* [Your goal]
Without including any images, set down the records below exactly.

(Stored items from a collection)
—————
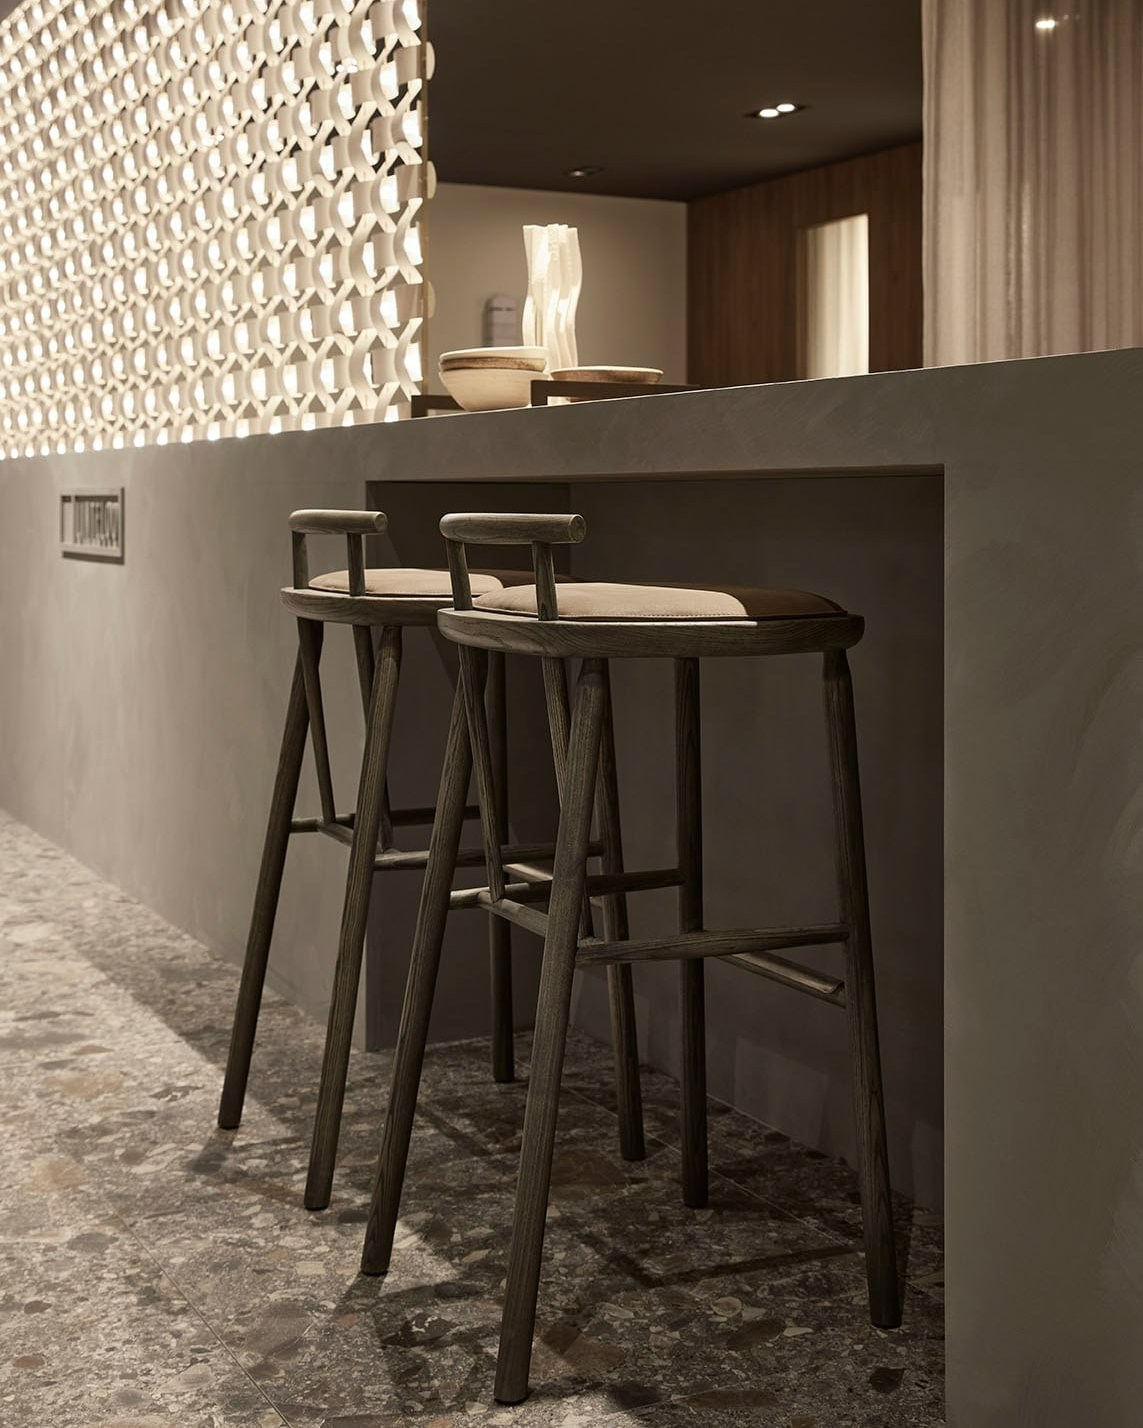 The new 'Oiseau' barstool: a minimalistic, yet utterly stylish bar stool. Delicate, airy, timeless, made of solid ash and set to become another Yabu Pushelberg classic. 

Same as its ‘Oiseau’ brothers and sisters—a dining table, chair and bench—, this barstool is available in a two heights, that allow for a highly individual take of living and dining (or drinking, for that matter). 

#linteloo #oiseau 

Photography: @alexandervanbergephotography 
Styling: @bregjenix @circlestylingstudio 
Ceramics: @marjokedeheer @lisanne.lammers 
Lighting artwork: @rick_tegelaar
—————
* [Problem solution]
 The new 'Oiseau' barstool: a minimalistic, yet utterly stylish bar stool. Delicate, airy, timeless, made of solid ash and set to become another Yabu Pushelberg classic. 

Same as its ‘Oiseau’ brothers and sisters—a dining table, chair and bench—, this barstool is available in a two heights, that allow for a highly individual take of living and dining (or drinking, for that matter). 

#linteloo #oiseau 

Photography: @alexandervanbergephotography 
Styling: @bregjenix @circlestylingstudio 
Ceramics: @marjokedeheer @lisanne.lammers 
Lighting artwork: @rick_tegelaar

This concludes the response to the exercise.